▶ [AIM OF THE EXERCISE] All the lines below should appear again unchanged, though their pictures should not.

▶ [INFORMATION SHOWN]
_ _ _ _

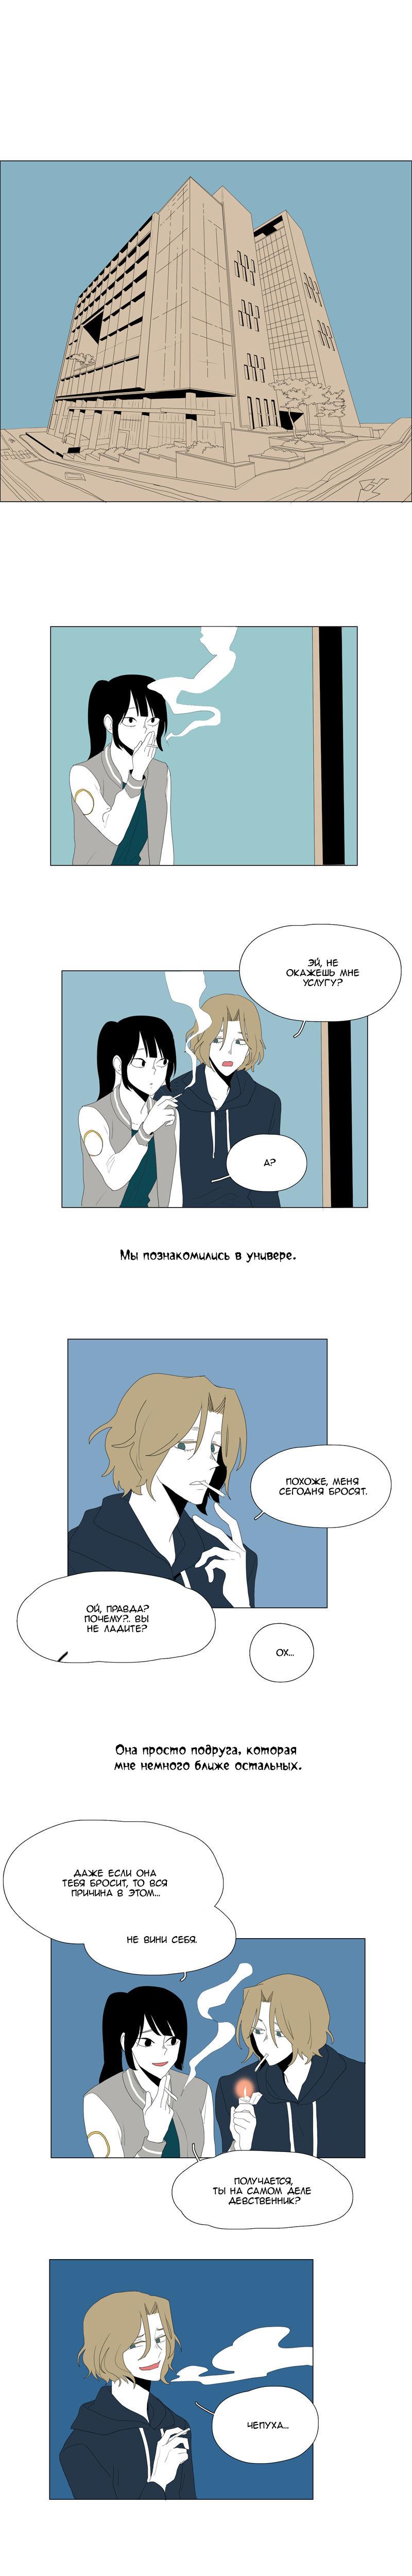 https://r1.ninemanga.com/comics/pic2/33/27873/313123/1479403200519.jpg Page 2
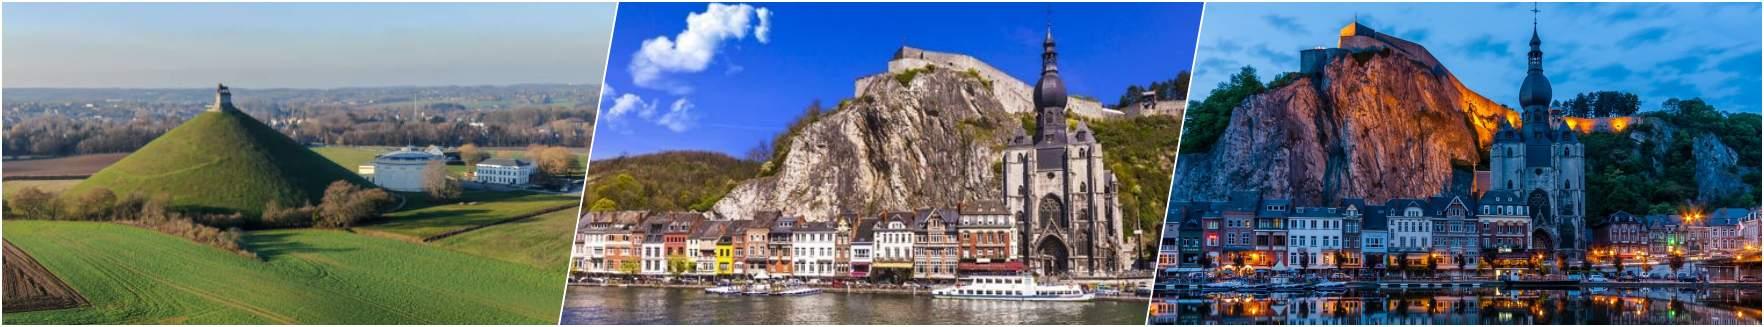 Waterloo - Namur - Dinant
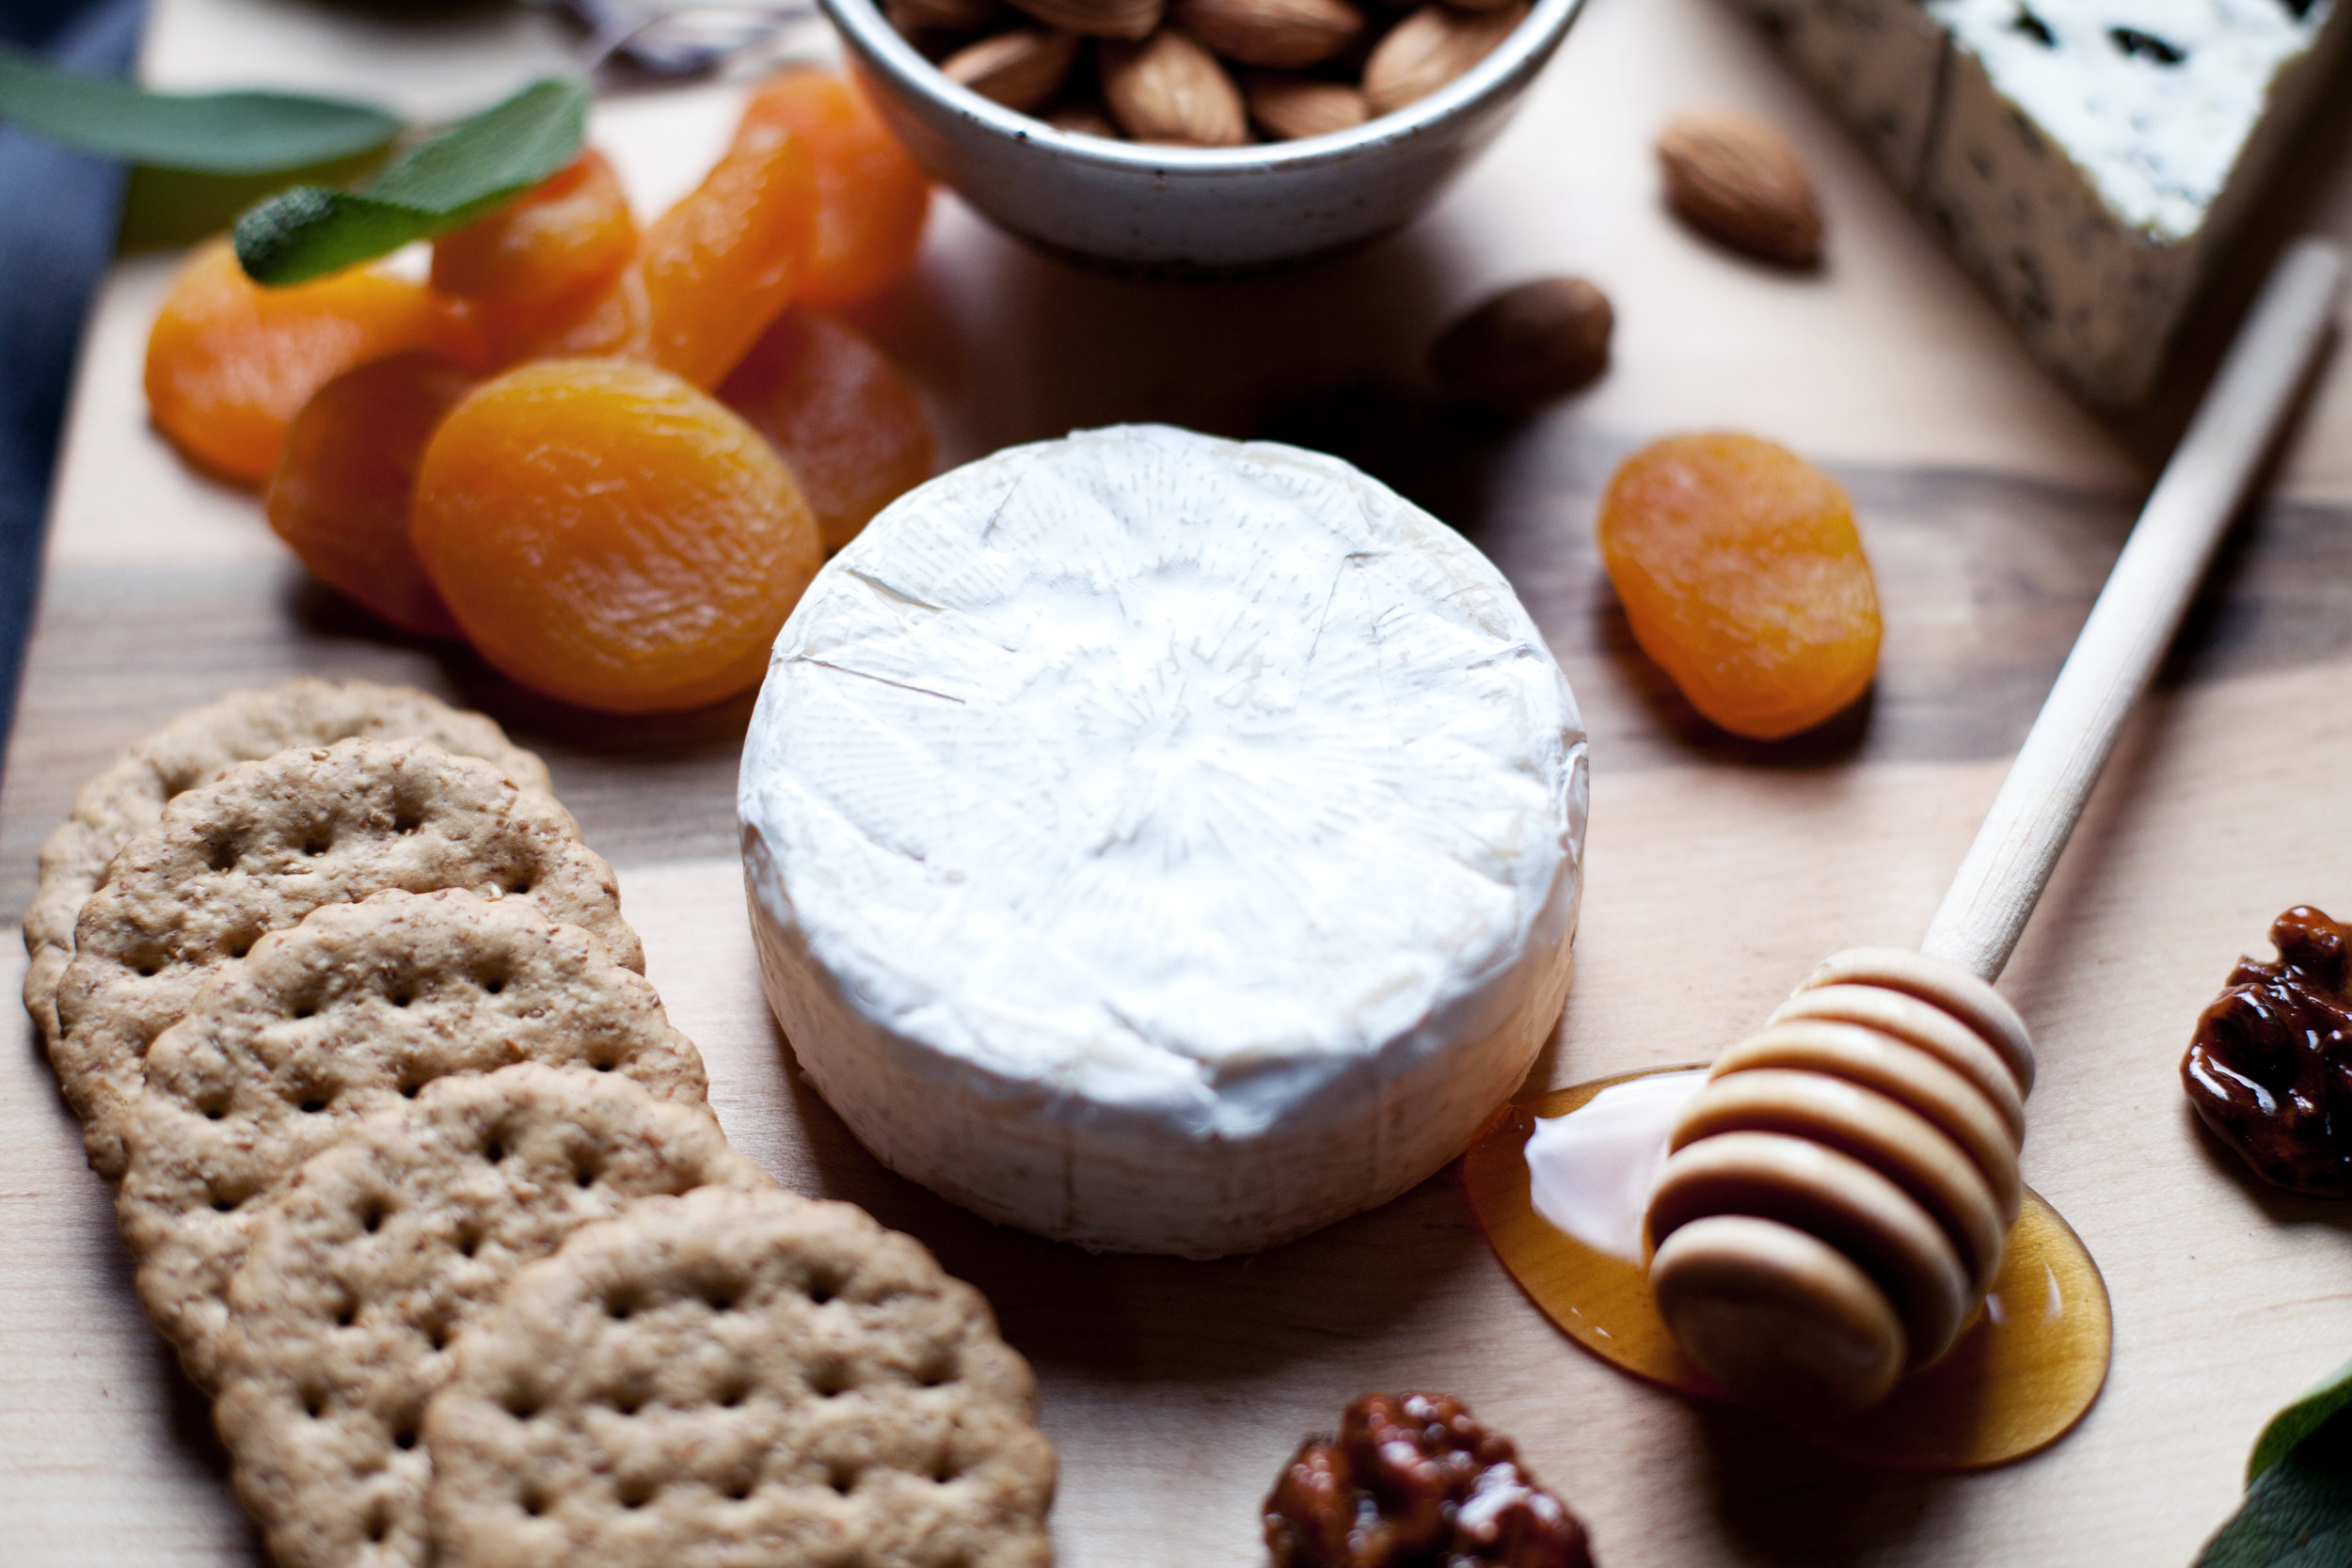 castello sweet cheese board vi.jpg

_ _ _ _

▶ [ANSWER TO THIS PROBLEM]
 https://r1.ninemanga.com/comics/pic2/33/27873/313123/1479403200519.jpg Page 2
 Waterloo - Namur - Dinant
 castello sweet cheese board vi.jpg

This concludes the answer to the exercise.